Yesterday began with me setting a new World Record for the Horfield Common Run, of 23 minutes and 50 seconds. Waist size down from 44 to 39 inches, weight from 16 stone 12lbs to 13 stone 13 lbs. Then I watched Glos and then Somerset at Taunton as planned.
But back to last Saturday and my trip to Ealing. What a wonderful day. What joy, in the bright sunshine, speeding across the Berkshire Downs, as fields of wheat were at last being harvested, in one case by a tractor with the tracked wheels of a tank, to stop the still wet soft soil being compacted.
Arriving at Paddington Mainline Station, I noticed the glass roof was a bit grimy, but this was "the Smoke" after all. I walked across the concourse to platform 14 and jumped on the waiting suburban train back out to Ealing and Castle Bar Park. Alighting and crossing the track by footbridge I wandered into a deep green corridor and heard the sound of a choir singing "Jerusalem". "How inspiring", I thought, imagining it to be some sort of Saturday mid day West Indian religious out door gathering. I opted to explore the path alongside the line and soon I could see the modernistic club house of the Trail Finders sports ground. A gate to a sun lit glade to the left invited me in, and seeing it was the sports field of the local primary school, I turned to leave and was invited into the Trailfinders ground on the other side of the lane.
I spoke to the gentleman running the complex, David Robinson, who explained that the founder of the travel company had bought the sportsground of Great Western Railway, GWR as it was then known in 1996, on condition it was opened up to the community and could not be sold for development. And what a splendid job they have done. Cricket, hockey and tennis thrive there along with the rugby. The Sunday morning football team had been asked to leave due to foul language by players and supporters. To the North was Harrow on the Hill and to the east in the far distance, the huge arch over the new Wembley stadium. I must go there at least once.

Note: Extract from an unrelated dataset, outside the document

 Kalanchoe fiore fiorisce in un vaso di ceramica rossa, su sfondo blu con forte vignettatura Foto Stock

Lee Best was injured on the first day of the season but he was supporting the team, and unfailingly courteous as ever, an excellent ambassador for any organisation. He's working full time in the city. And enjoying life.

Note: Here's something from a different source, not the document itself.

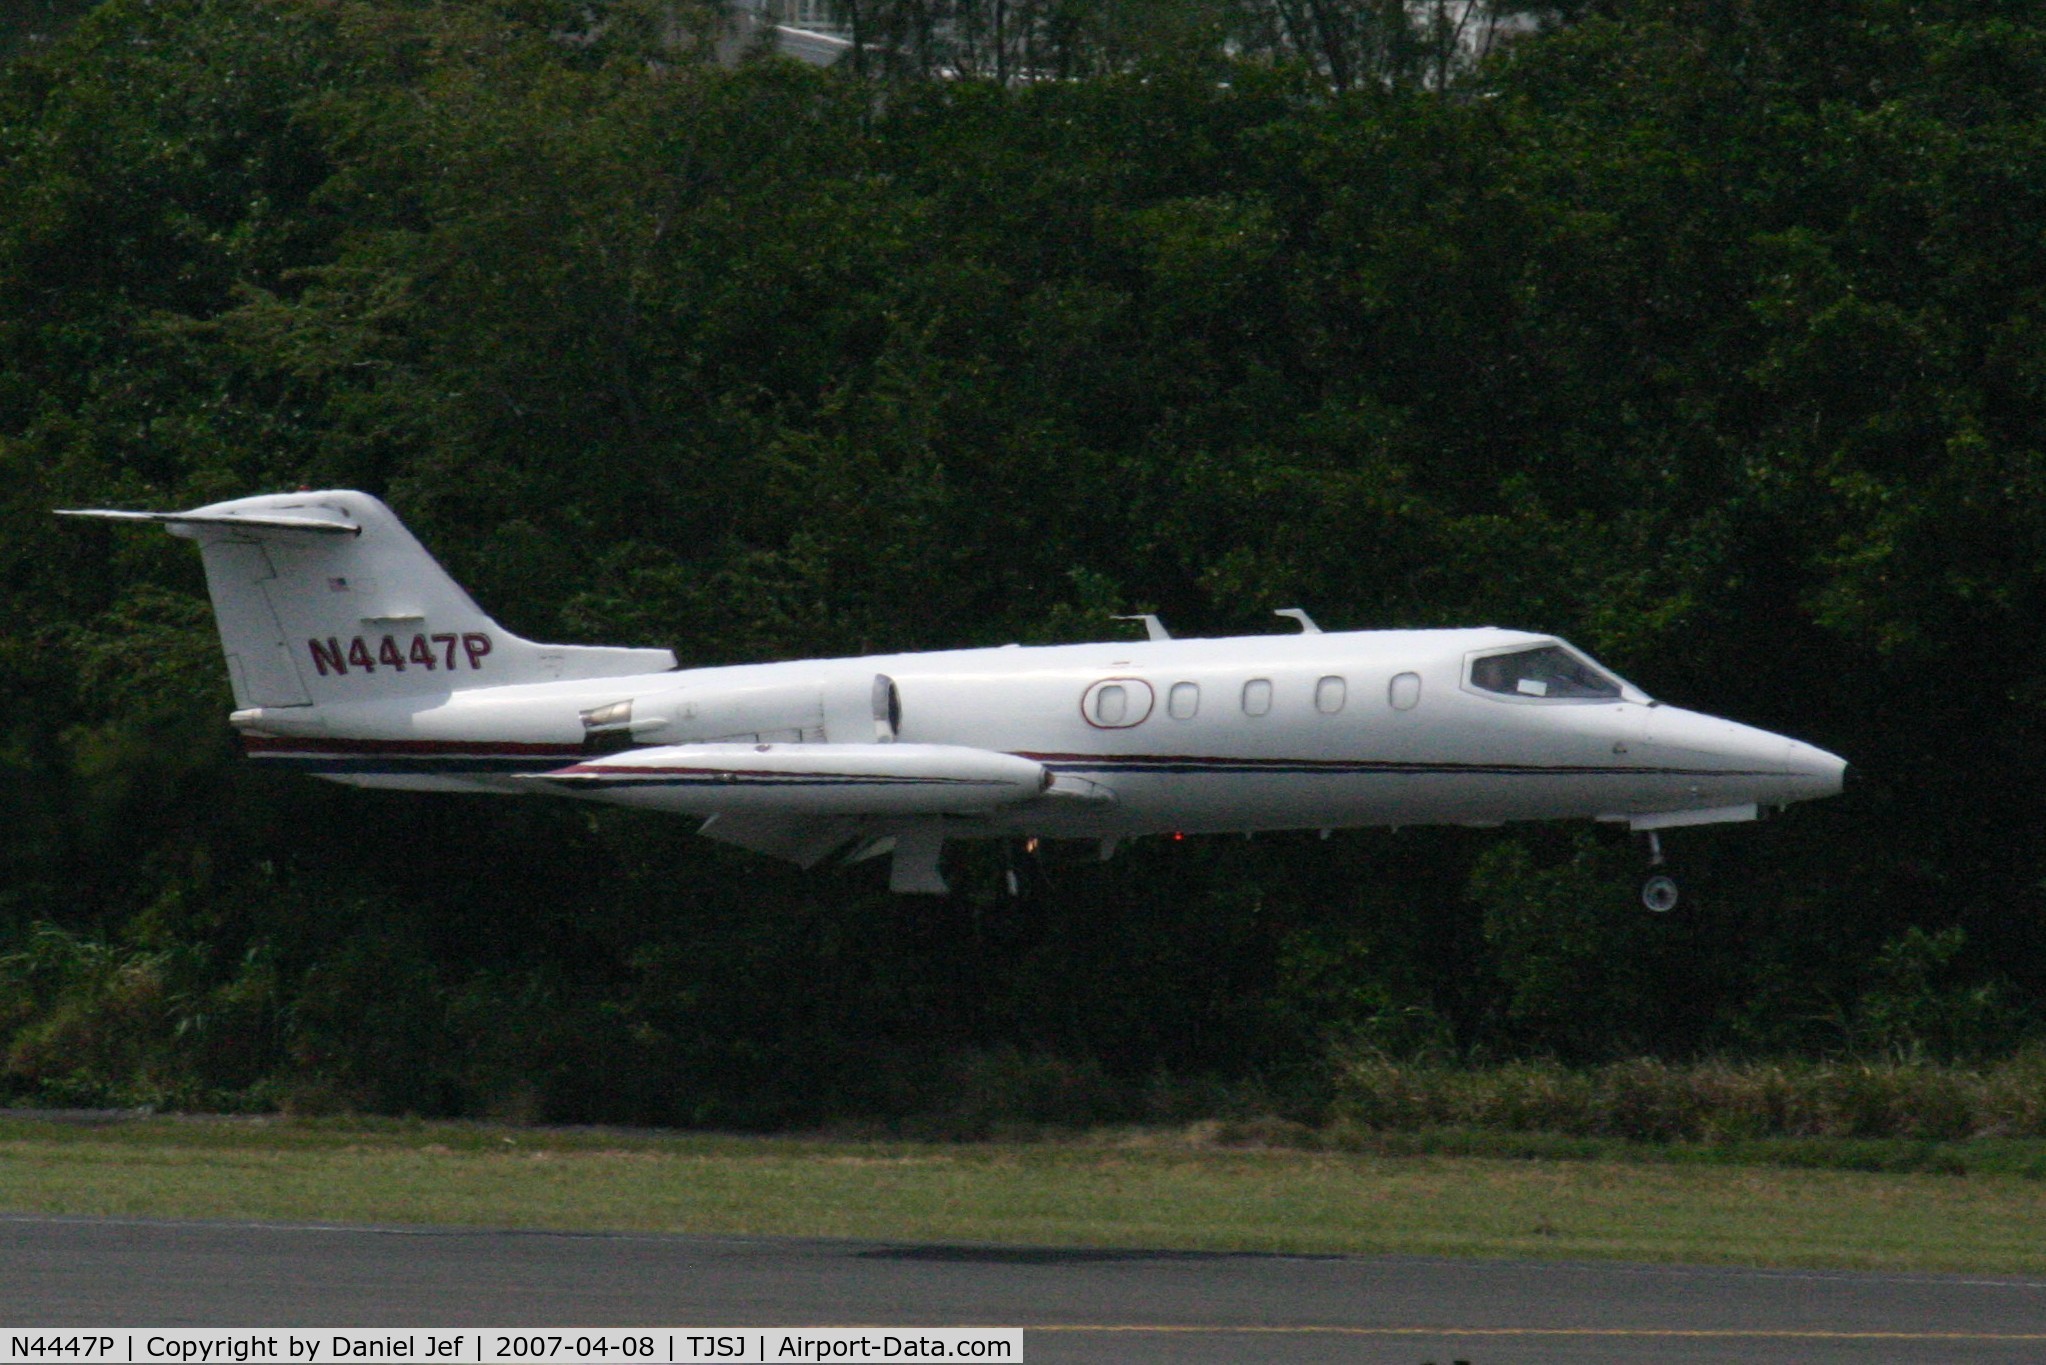 N4447P, 1981 Gates Learjet 25D C/N 338, N4447P landing at TJSJ

Ealing Trailfinders Rugby Club blew Dings away, 46-9, seven tries to nil, which is some doing as Dings were very, very determined opposition. Dings coach Alan Martinovic who as a rubgy coach and teacher at Colston School has provided English clubs with countless players, including Ollie Barkley and Tom Varndell, was quite bemused by his clubs demise.
On an adjoining pitch, my attention turned to Ealing Seconds contest a closer if equally fiercely fought battle with Blackheath Second's, the away team winning 17-19 in the last minute. These second teams play on a Saturday in the Canterbury Shield consisting of second teams from Cornish Pirates , Plymouth, Exeter and the like, so I am led to believe. The standard was remarkably high. Tough, fast, skilful rugby.
What a pity our unadvertised A games are hidden away on a Monday night! What a waste.
As I left the ground I could hear the tannoy playing Jerusalem. I realised that I had entered without paying the 7 pounds entrance fee. This is getting to be a regular occurrence. So here's 7 pounds worth of advertising in return.
So, back on the train at 4.59 pm back to Paddington and onto the 5.30 pm for Bristol Temple Meads, stopping at Didcot of course, and home by 7.15pm.
What a day. Praise the Lord and praise Ealing Trailfinders Rugby Club.
Edited 2 time(s). Last edit at 26/09/2008 08:49 by WilliamBlessing.